End pension system reformadopted unanimously in 2021 Toledo Pact, As is known, it includes an automatic annual review according to the CPI. At the time, we could not have imagined that less than two years later, as a result of the pandemic and the brutal war in Ukraine, we would enter an economic crisis that would push inflation around the world to levels not seen in recent decades.
The crisis in question, which is one of the supply calls, is not due to insufficient demand, but to the disproportionate increase in energy prices and bottlenecks in many production processes. We are in a state of stagflation that we were already exposed to in the 1970s, characterized by high inflation as well as a frightening combination of stagnation or stagnation. The technical recession has reached leading countries such as Germany and the United States, and expectations for a rapid recovery in Spain have waned.

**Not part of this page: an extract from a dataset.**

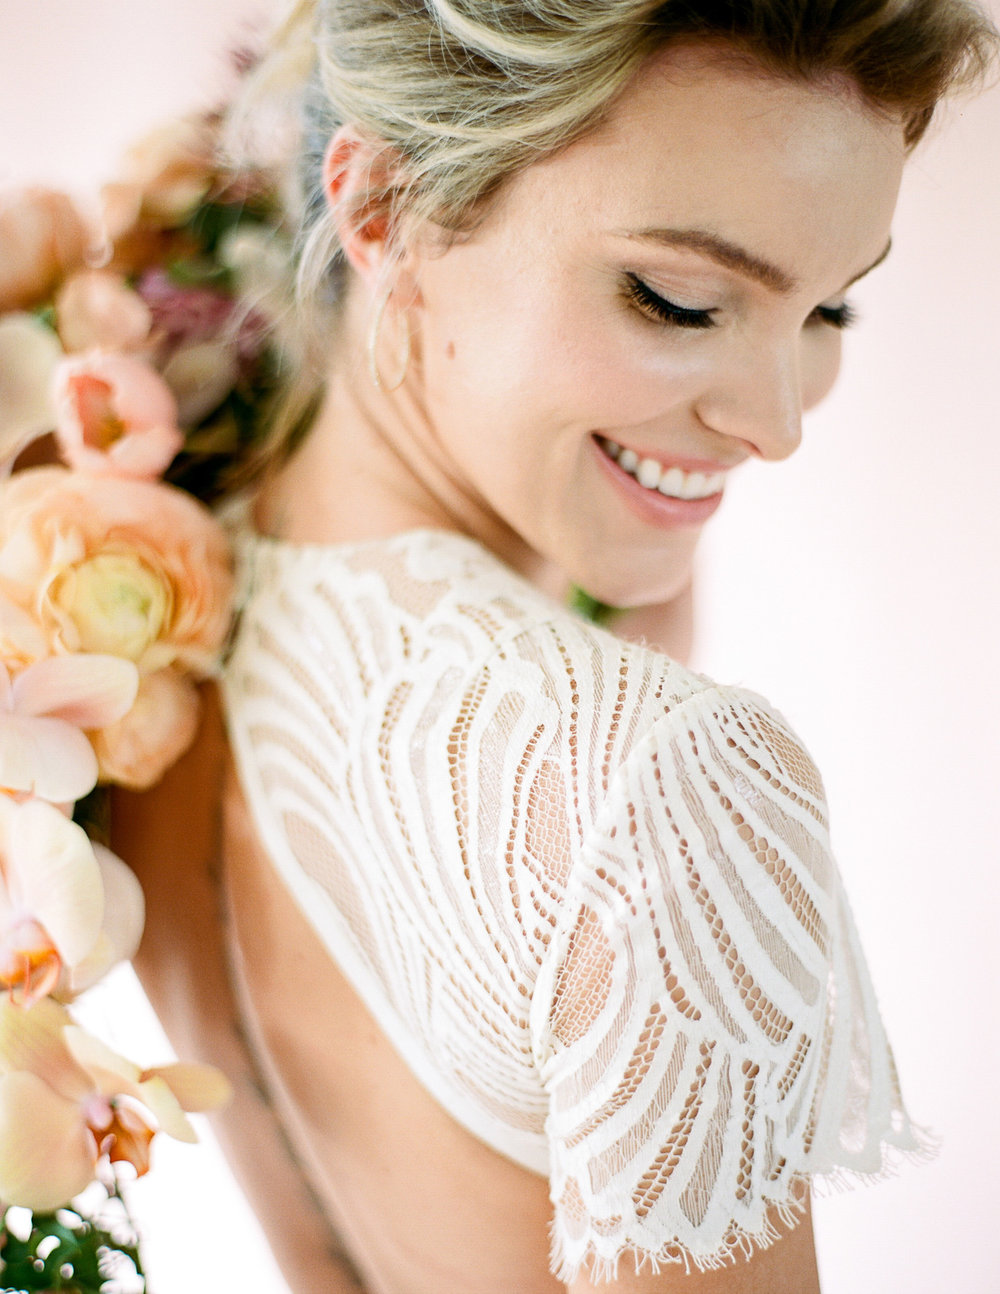 Austin-Wedding-Photography-Prospect-House-Fine-Art-Film-Destination-Dana-Josh-Fernandez-Photography-Dallas-Houston-Luxury-Best-Top-203.jpg
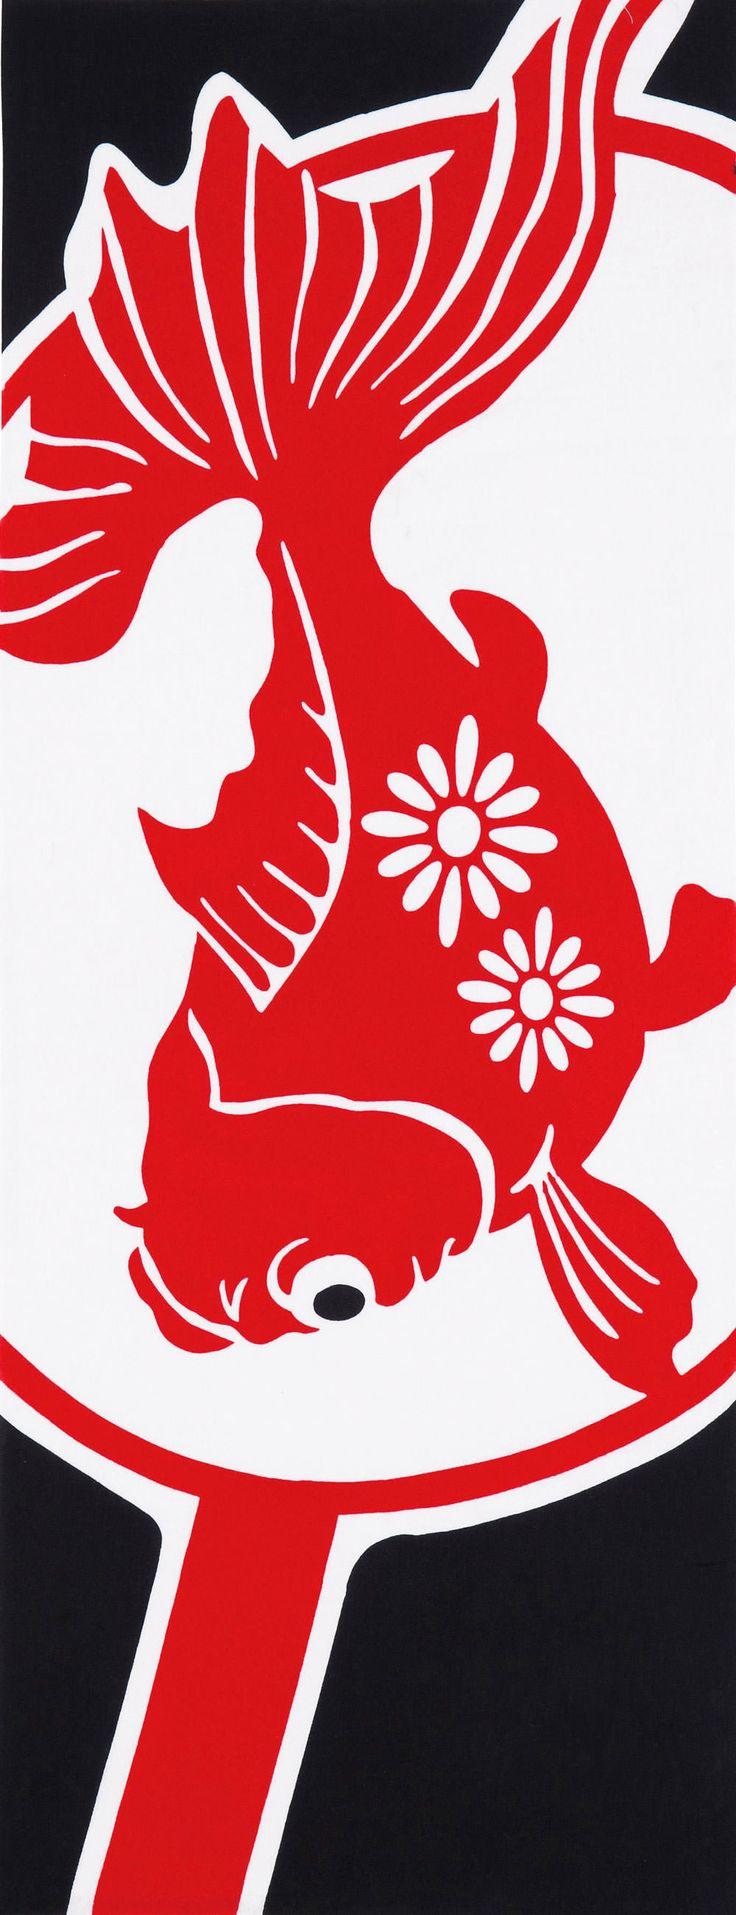 76 best Golfish images on Pinterest | Watercolor fish, Goldfish ...

At this point, the Government has prepared a budget project that includes the aforementioned commitment: Finance Minister María Jesús Montero has already Pensions to grow 8.5 percent in 2023, biggest increase in history. The item will increase by 11.4%, with a further increase of approximately 20,000 million euros and benefits will reach 190,687 million, accounting for 39% of the total expenditure projected in the Budgets. The proposal includes linearly increasing both premium and non-contributory pensions by the percentage indicated above. Of course, practically no working wages in 2023 will be appreciated by this amount, which squeaks as soon as comparisons are made. sociologist Jorge Galindo, from Esade, commented in a tweet «PGE 2023 brings in an additional €19,500 million for pensions and an additional €390 million for scholarships. These are the current priorities of our welfare state.” It’s easy to imagine the excitement this phrase created on the networks. An objective figure provided is that the items for the promotion of young people amount to 12,741 million euros, which is only 3% of the total, 15 times less than the expenditure on pensions.
Many of us certainly share the underlying maxim of this issue: The quality of a democracy can be measured by the way it treats its elders. It would be unfair for those who retire after decades of service to society, moreover, if they have to settle for a meager pension, which declines each year, causing their standard of living to deteriorate from vital slope to deadly over time. towards completion.
It could be argued that there is an easy solution to the problem: let’s increase the lowest pensions and freeze (or reduce) the highest. The proposal has a problem: the amount of pension is related to the contribution that the employee is willing to pay during his working life, so if we do not maintain the degree of benefits, no one will choose to pay more quotas to better finance the elderly. age.
In addition, the situation presents us with a disturbing vicious circle: we are investing a large amount of resources to finance pensions while young people are in free fall, in a state of increasing procrastination and difficulty (Hispanics aged 18 to 35 today earn up to 50% lower wages than workers of the same age group in 1980, according to an analysis by the Foundation for Applied Economics Studies). In other words, we are investing more and more in pensions, while abandoning those who really have to finance the system to their fate: young people, now doomed to a vicious mileurismo, with no prospects of emancipation or decent housing, far less. maintaining a reasonable birth rate.
The above shows that it is necessary to maintain certain balances between the country’s salary bill and pension spending. What needs to be discussed intensively and permanently within the Toledo Pact, not hastily, but through a well thought-out State agreement with virtual founding value.